Surgeries Performed at The Chiari Institute

The surgeries we perform are diversified and include:

  • Posterior fossa decompression
  • Posterior fossa revision
  • Craniocervical fusion
  • Tethered cord surgery
  • Syringomyelia operation
  • Numerous minor surgeries, including:
    • Invasive surgical traction
    • Ventriculoperitoneal shunt
    • Anterior cervical diskectomy fusion

A surgical approach is greatly enhanced by the use of color Doppler sonography and morphometric measurements.

 

Two Experienced Surgeons Present at Each Operation

The Chiari Institute has the advantage of using two experienced surgeons during each surgery, working as a team. Other centers usually use one experienced surgeon who is helped by a resident, P.A., nurse or junior attendant with far less experience. The use of two co-surgeons at The Chiari Institute allows us to minimize the risk of intraoperative complications and also allows the surgeons to push the envelope and to perform safe surgical feats that are otherwise hard to achieve by other teams.

 

Specialization Means Expertise

Since Chiari-related surgeries are performed daily at The Chiari Institute, our surgeons benefit from the concept of full immersion. They have been exposed to an endless series of anatomical variants and have faced and solved complex technical problems.

 

Complication Rates

The complication rate for Chiari-related surgeries at The Chiari Institute is the lowest in the nation.

To cite one example: The average complication rate for cerebrospinal fluid leakage is about 8% among expert neurosurgeons in the U.S. (with non-experts ranging from 25-45%). The risk of CSF leakage at The Chiari Institute (with the dura and the arachnoid open, plus a pericranial duraplasty) is normally 0.3%.

 

Redo Surgeries

49% of all surgeries performed at The Chiari Institute are redo surgeries from other institutions. The reasons for this are:

  • The surgery resulted in complications.
  • The surgery addressed the pathology but fell short of the intended effect.
  • The surgery was total, but an important comorbidity (accompanying problem) was neglected at the time of diagnosis.

 

Minimally Invasive Surgery for CMI (Chiari I Malformation)

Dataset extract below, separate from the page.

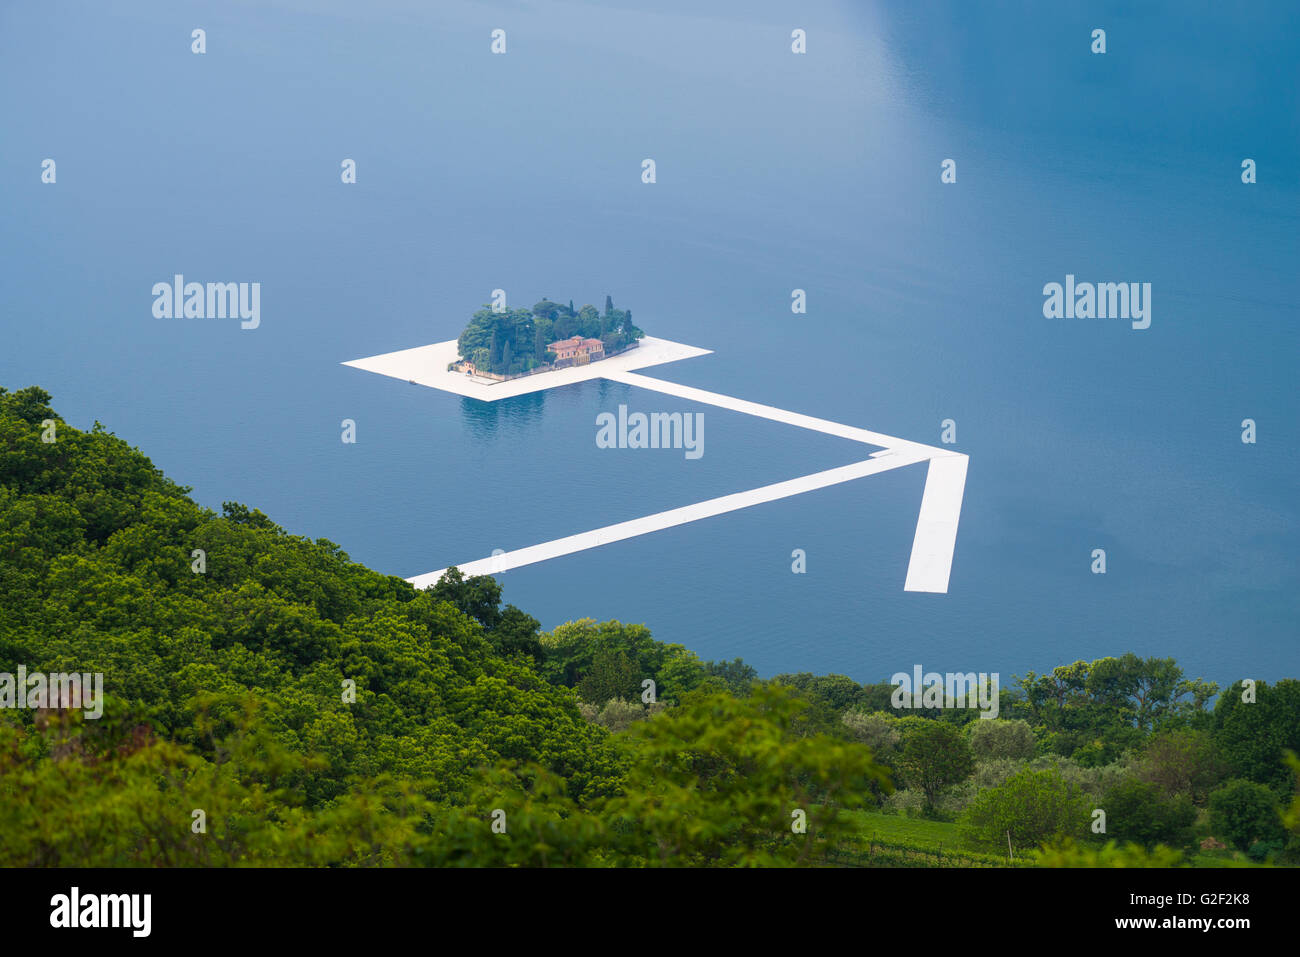 Nuoto pontons sotto forma di un gigantesco freccia in corrispondenza di San Paolo isola per Christo il progetto 'i pontili galleggianti' sul lago d'Iseo, Italia Foto Stock

This article concerns a relatively recent variation to CMI surgery, which involves the opening of skull and C1, without Duraplasty. A number of pediatric neurosurgeons are the current main advocates for this procedure. Their case series is small, since they just started; so long term results are unknown. This procedure is intended for young children. Their point is that when the dura (and the arachnoid) is opened, there is an increased risk of CSF leaks, wound infection, and meningitis. The risk of CSF leak is about 8% nationwide (while it is just 0.2% at The Chiari Institute).